# Our First Dog Show/Caravanning Experience!! (LOTS of Pics)



## Jess2308 (May 12, 2009)

We had our first experience of caravanning at a dog show at SKC this weekend! It was really great, very relaxing to not have the stress of getting up at some ungodly hour and get me, dog and show kit in the car and drive several hours to the show. We got up, took the dog in for its class, came back out and sat at the caravan til the next class. Except on hound/toy day when it was chaos as we had 3 dogs all due in the ring at pretty much the same time and only two of us handling them. But it all worked out well!

We had some good results in the show! Saffie the lab was in on Saturday and got second place in her very good class. Labs have huge entries so its always a real thrill to get a place  And Saffie hasn't been shown since Crufts 2009 so she did really well. She didnt stand herself perfectly and was a bit fidgetty which may have lost her the class but that doesnt matter  Vinnie the pug didnt do anything in the ring, even though he looked fab and went beautifully and we had the most lovely comments about him outside the ring! Jeanie the pug won her very strong Puppy class. It was the biggest pug class of the day against some very nice dogs (and well known handlers  ) so that was a very good result. She was in the ring the same time I was in with Maya so i didnt see her, but im told she went really well. And little Maya of course, cant leave her out.
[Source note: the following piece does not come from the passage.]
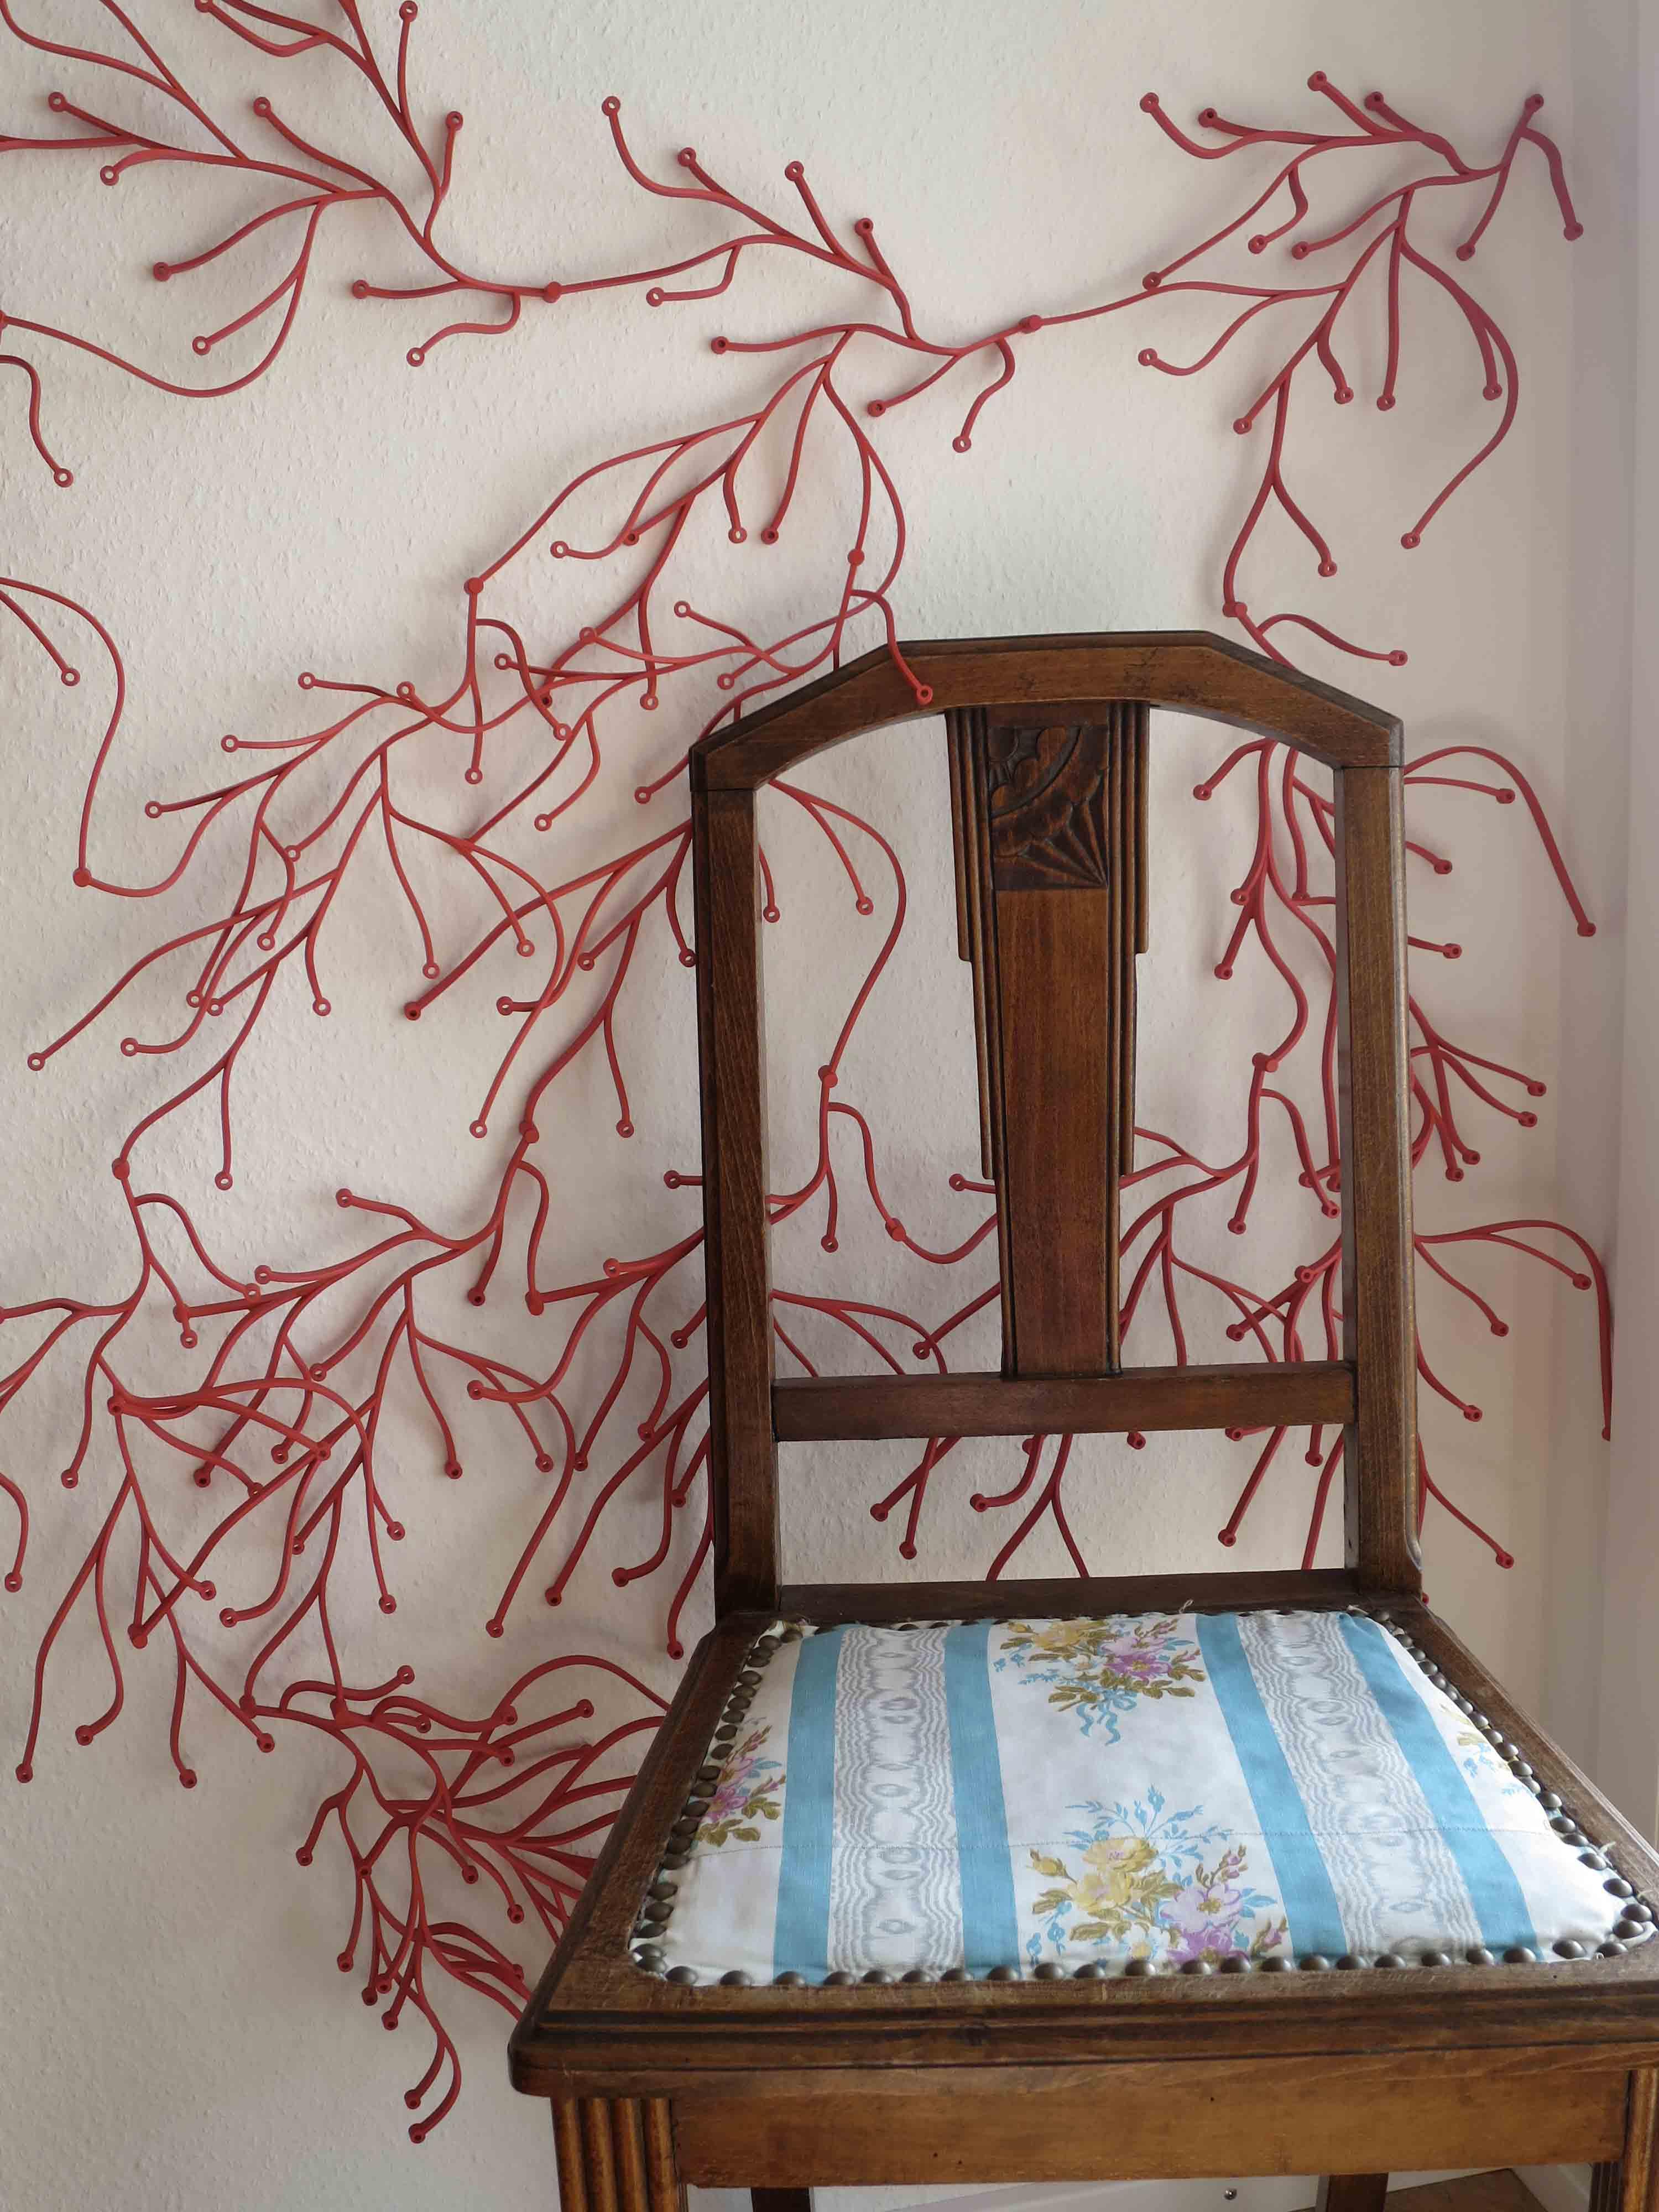 les algues des fr res bouroullec. Black Bedroom Furniture Sets. Home Design Ideas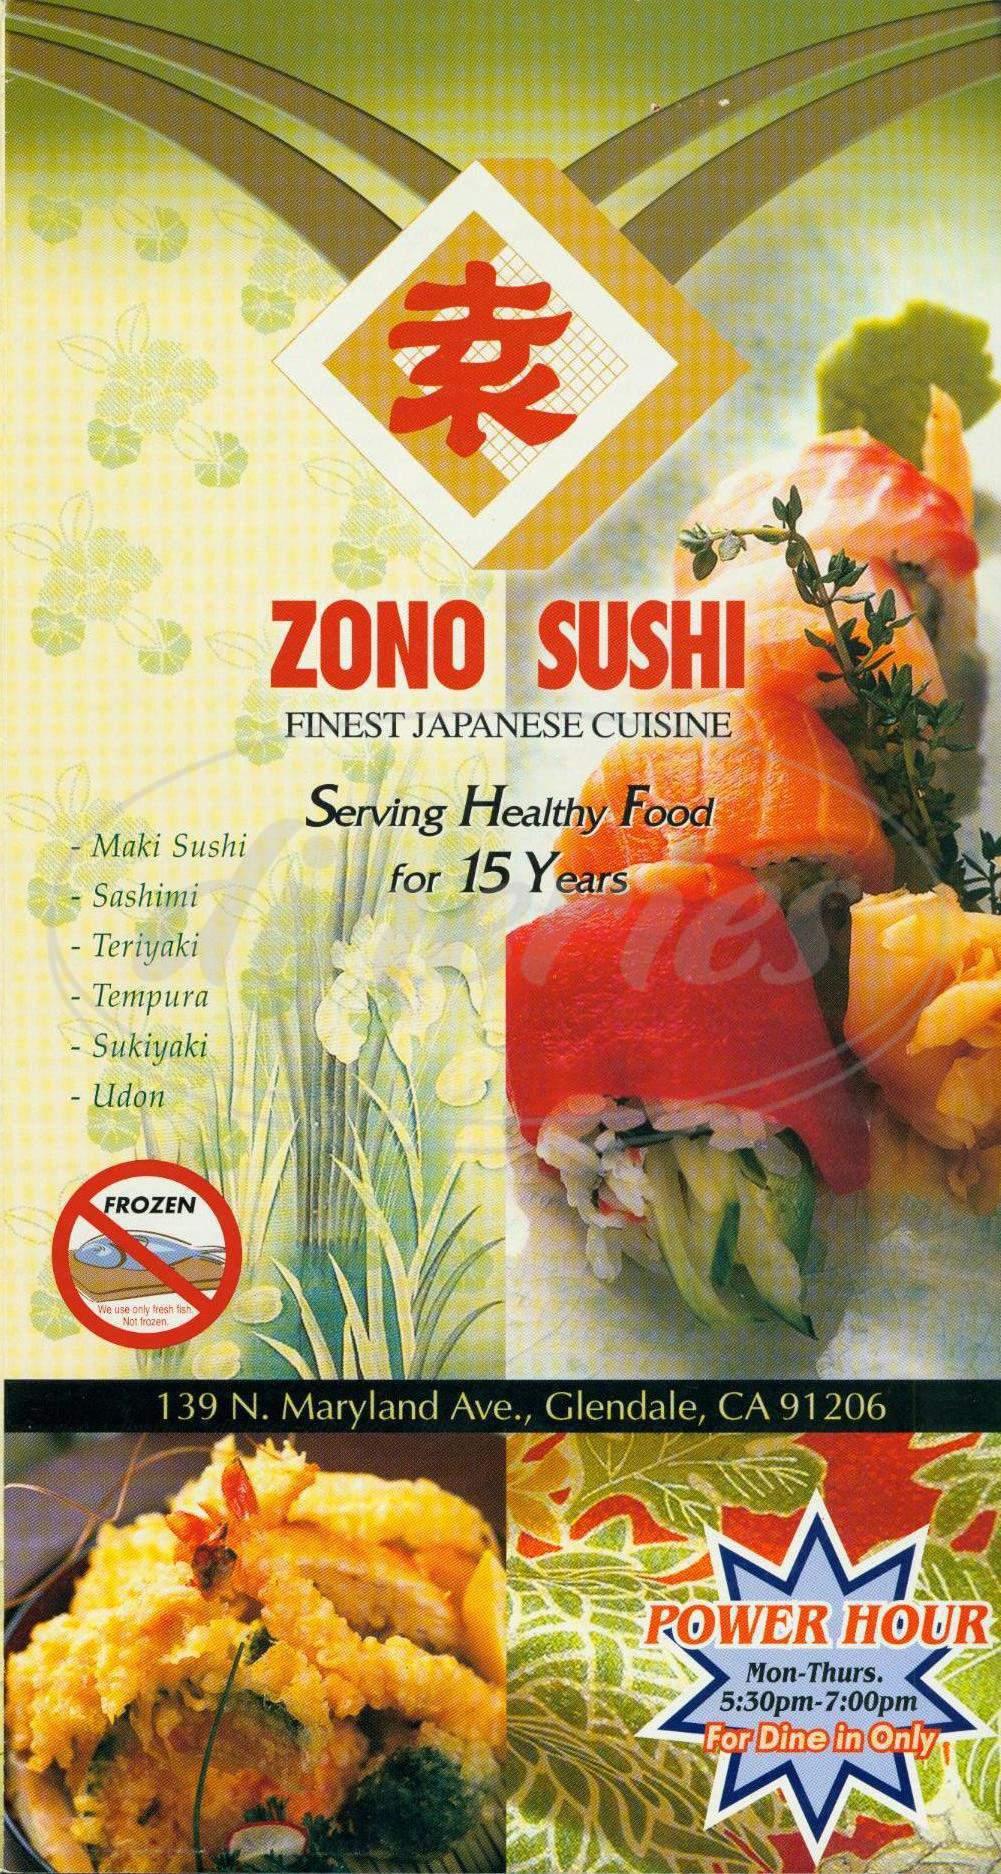 menu for Zono Sushi

She won her class and showed really well, better than she has done for the last few shows, she was really settled and didnt fidget at all while i was asking her to stand! I think it might have been down to the less stressful caravan experience 

Anyway, here's lots of pictures of the weekend. None of Maya or Jeanie in the ring sadly as didnt have a photographer on hand!lol But lots of random shots at the caravan.

From outside.. Excuse the chaos, we'd not finished getting set up!










Helping to get the beds sorted:



















Lilah and Chloe:










Half of the family:










And outside sunbathing:























































Maya was fascinated by this hairy dog, it went past 3 or 4 times in about half an hour and she watched it til it was out of sight each time!



















Stretchy sunbathing basenji:












































































































































































We bought them all some ice cream as a treat!



















More to come!


----------



## Jess2308 (May 12, 2009)

Saffie on the way into the show:










And in the ring:




























Saffie (left) next to the class winner:



















Maya sitting on the crates watching the show (the tents and stuff were directly behind the caravan!










Chloe looking out of the caravan:










Exhausted Saffie:










Beau and Poppy in the crate:










Pretty baby:



















Vinnie:










Vin in the ring:










On the table... Not a great angle, blame my mum lol


----------



## kaisa624 (Mar 5, 2010)

Awesome pics  Looks like you had a good day out.


----------



## nic101 (Jun 8, 2009)

fab pics 

you tooks the parrot?


----------



## Nicky10 (Jan 11, 2010)

Great pics looks like you had a lot of fun. Congratulations on how well you did


----------



## Jess2308 (May 12, 2009)

It was a really great weekend! 

We had to take the parrot, of course!!!


----------